TASK DIRECTIONS
After finding the line with "DIREKT:Tjajkovskijs Jolanta från" in the entries below, retype exactly each line from there through the line with "Зонт женский Fulton", including that final line.

TASK MATERIAL
::::::::::
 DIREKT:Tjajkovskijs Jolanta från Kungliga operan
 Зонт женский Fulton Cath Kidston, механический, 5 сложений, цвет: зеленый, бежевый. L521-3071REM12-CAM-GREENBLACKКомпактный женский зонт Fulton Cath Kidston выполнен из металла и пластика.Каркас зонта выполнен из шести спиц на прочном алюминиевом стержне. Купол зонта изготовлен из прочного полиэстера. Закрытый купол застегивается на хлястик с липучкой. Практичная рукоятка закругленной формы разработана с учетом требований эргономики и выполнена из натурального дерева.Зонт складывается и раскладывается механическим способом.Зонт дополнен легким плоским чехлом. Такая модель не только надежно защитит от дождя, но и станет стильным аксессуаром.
::::::::::
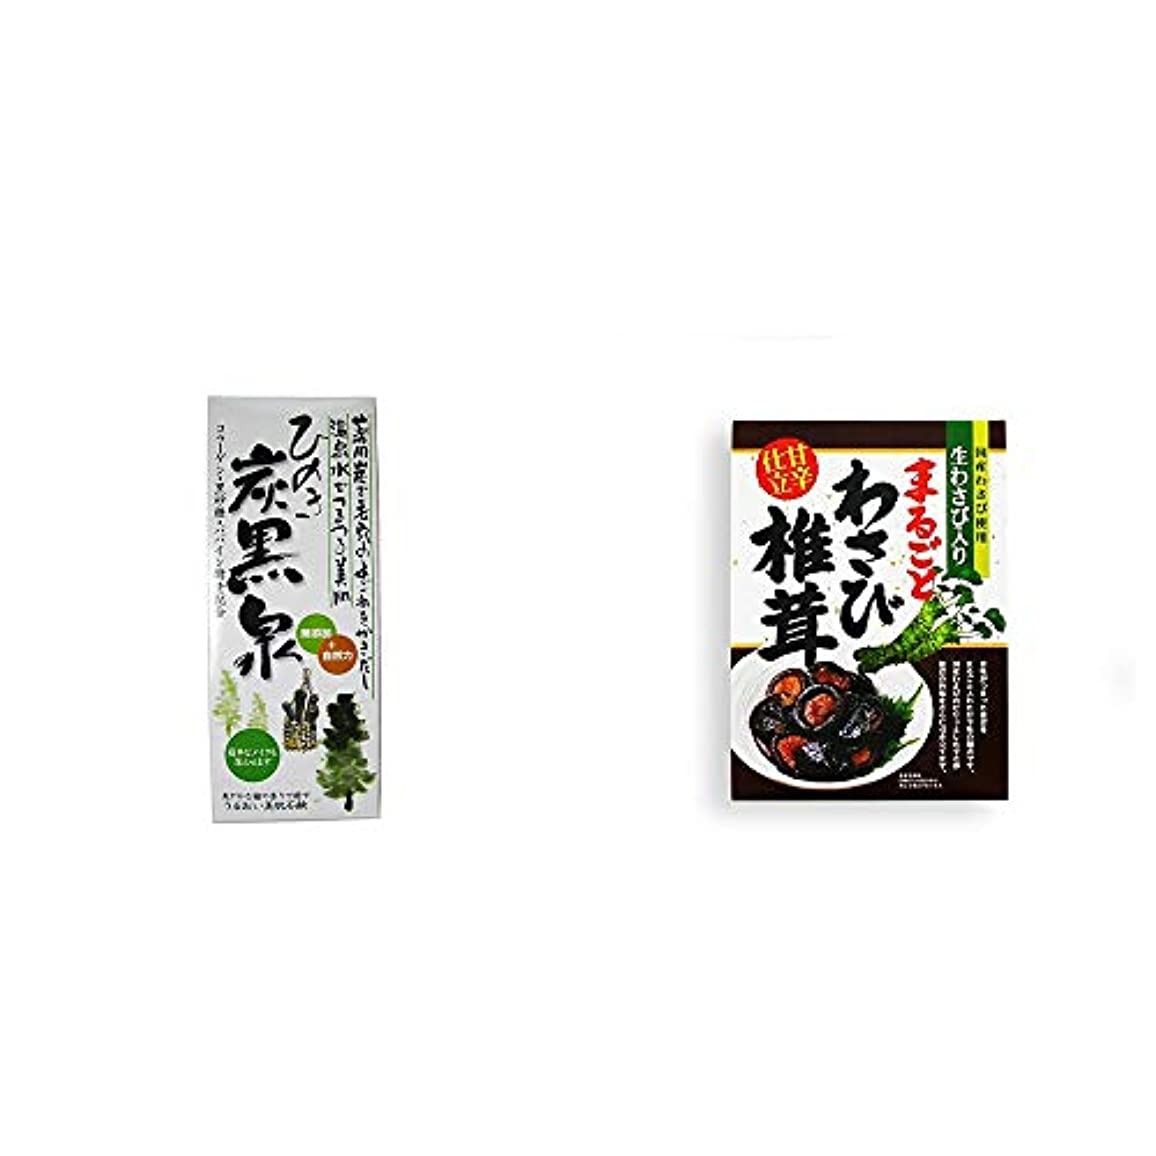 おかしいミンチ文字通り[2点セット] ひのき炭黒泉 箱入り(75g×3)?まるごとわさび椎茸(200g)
::::::::::
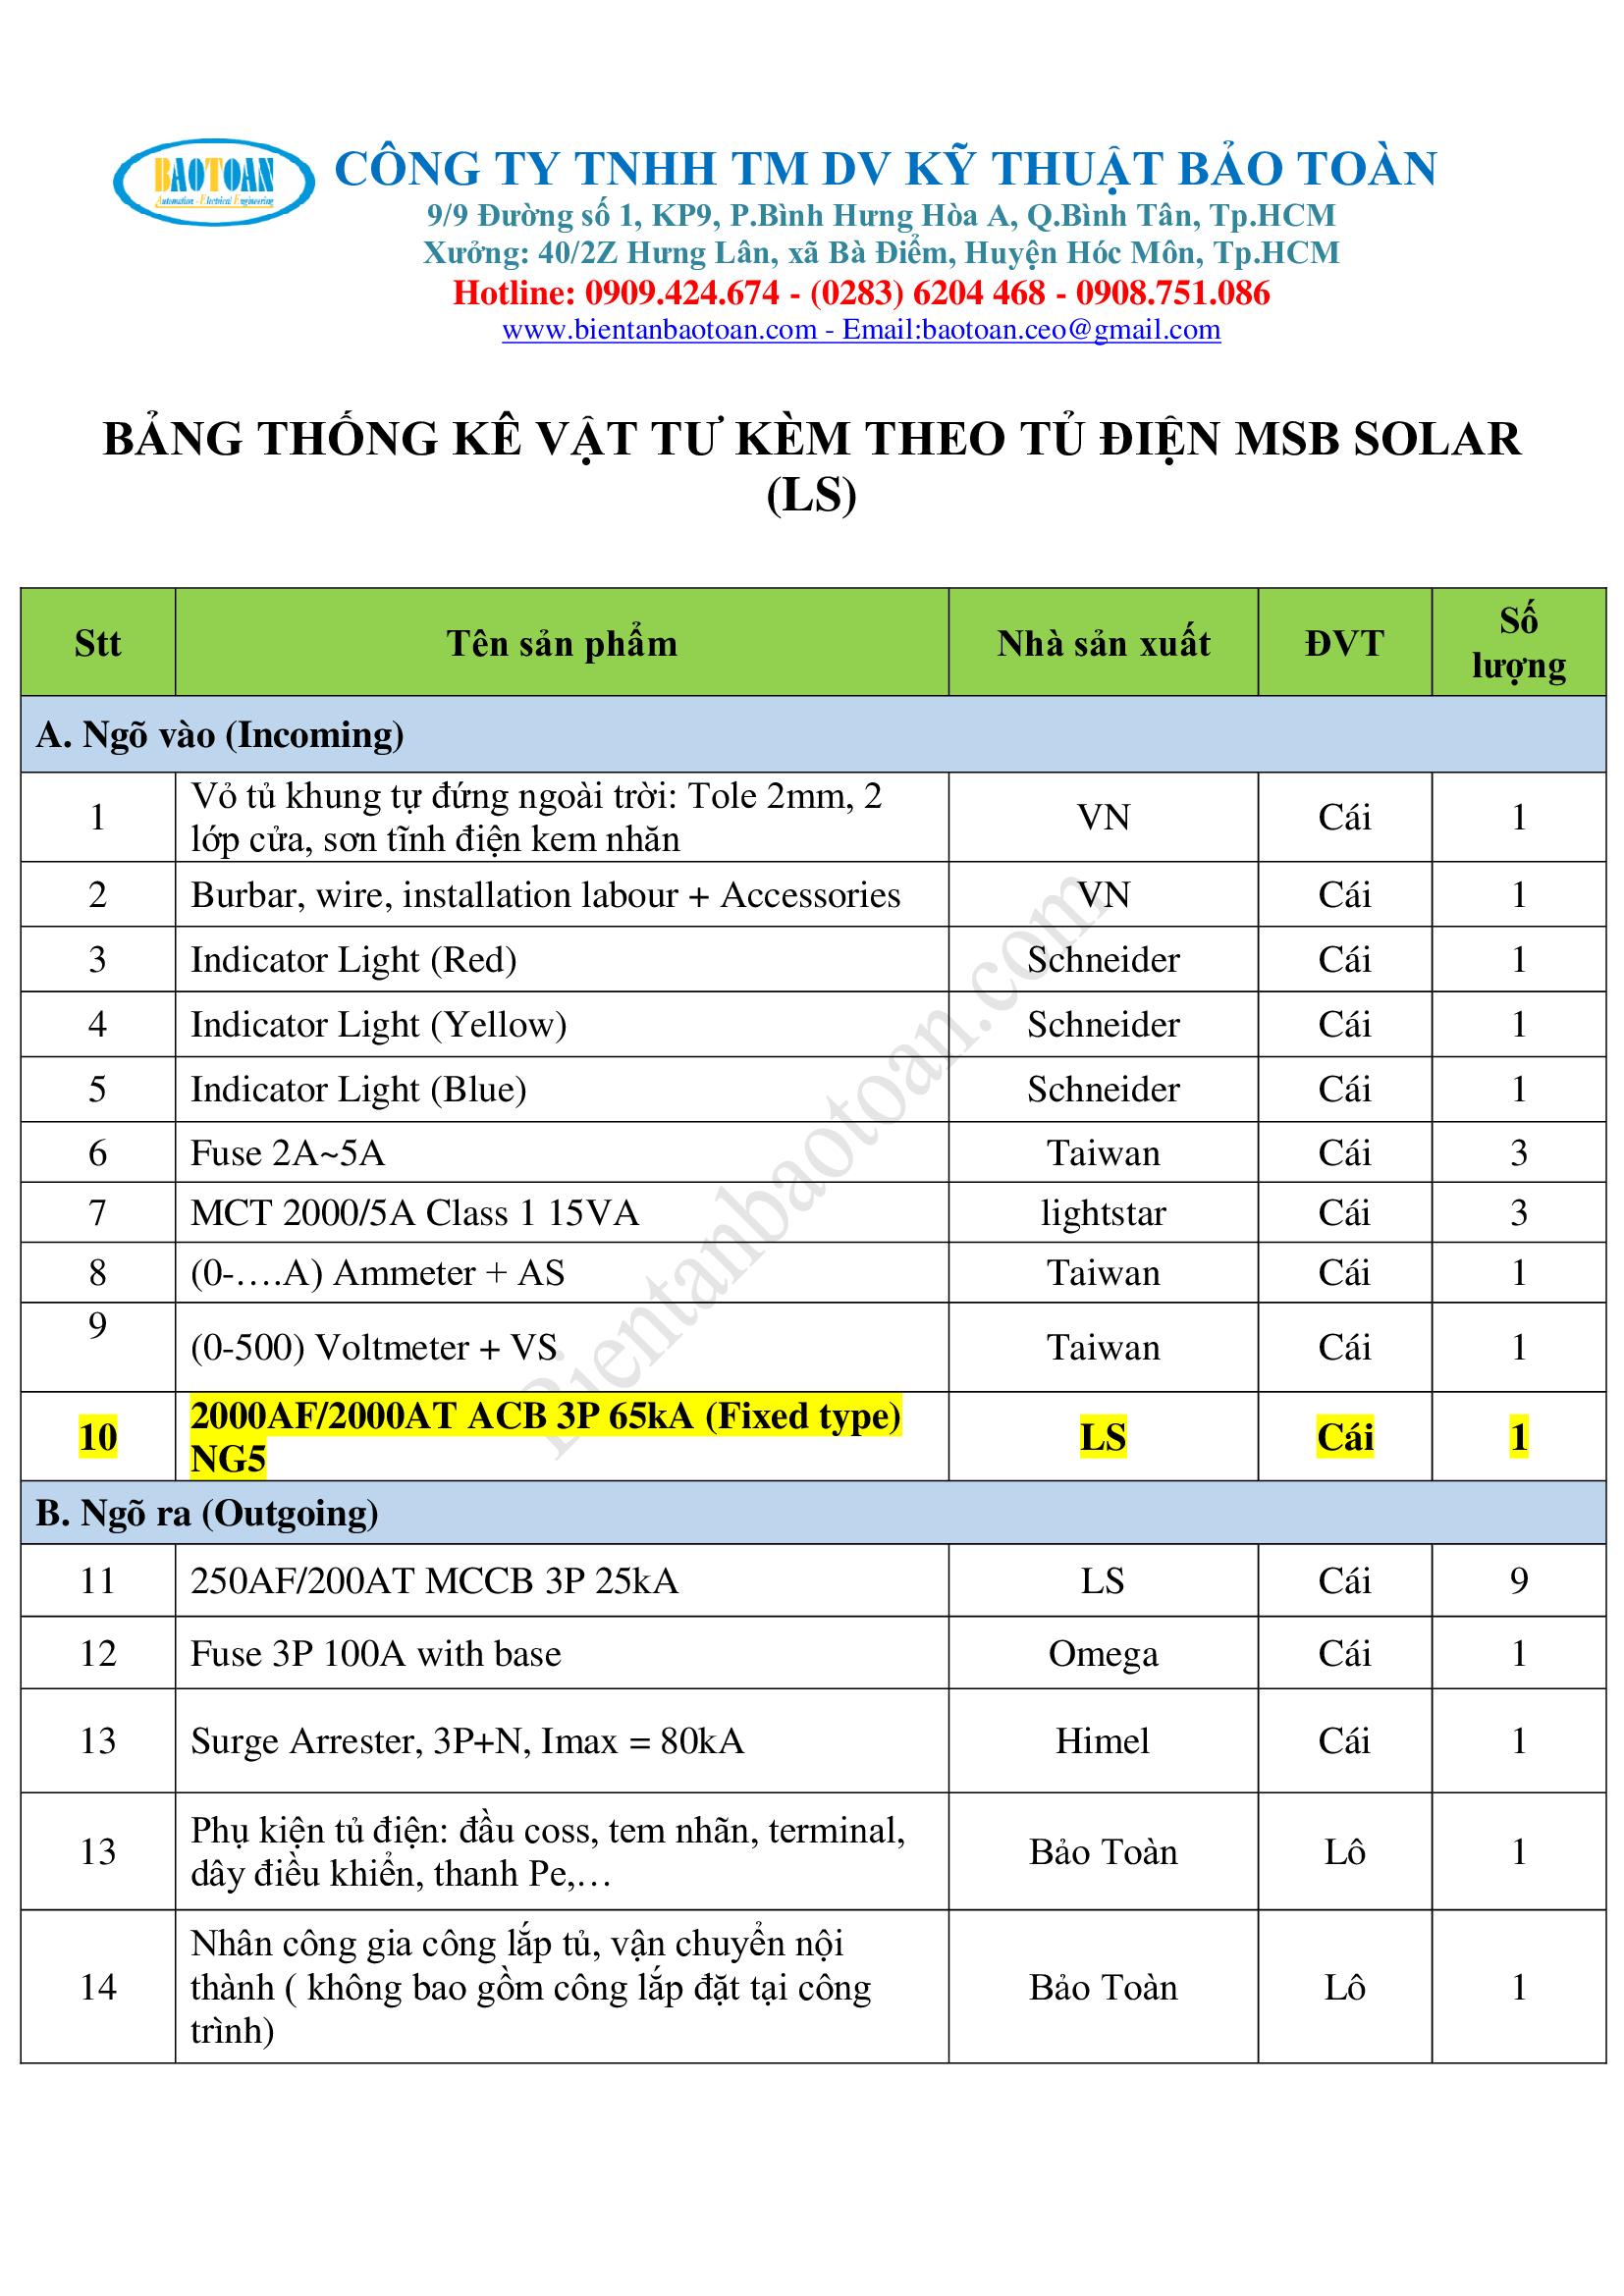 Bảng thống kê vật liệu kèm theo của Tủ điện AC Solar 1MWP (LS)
::::::::::
EXERCISE SOLUTION
 DIREKT:Tjajkovskijs Jolanta från Kungliga operan
 Зонт женский Fulton Cath Kidston, механический, 5 сложений, цвет: зеленый, бежевый. L521-3071REM12-CAM-GREENBLACKКомпактный женский зонт Fulton Cath Kidston выполнен из металла и пластика.Каркас зонта выполнен из шести спиц на прочном алюминиевом стержне. Купол зонта изготовлен из прочного полиэстера. Закрытый купол застегивается на хлястик с липучкой. Практичная рукоятка закругленной формы разработана с учетом требований эргономики и выполнена из натурального дерева.Зонт складывается и раскладывается механическим способом.Зонт дополнен легким плоским чехлом. Такая модель не только надежно защитит от дождя, но и станет стильным аксессуаром.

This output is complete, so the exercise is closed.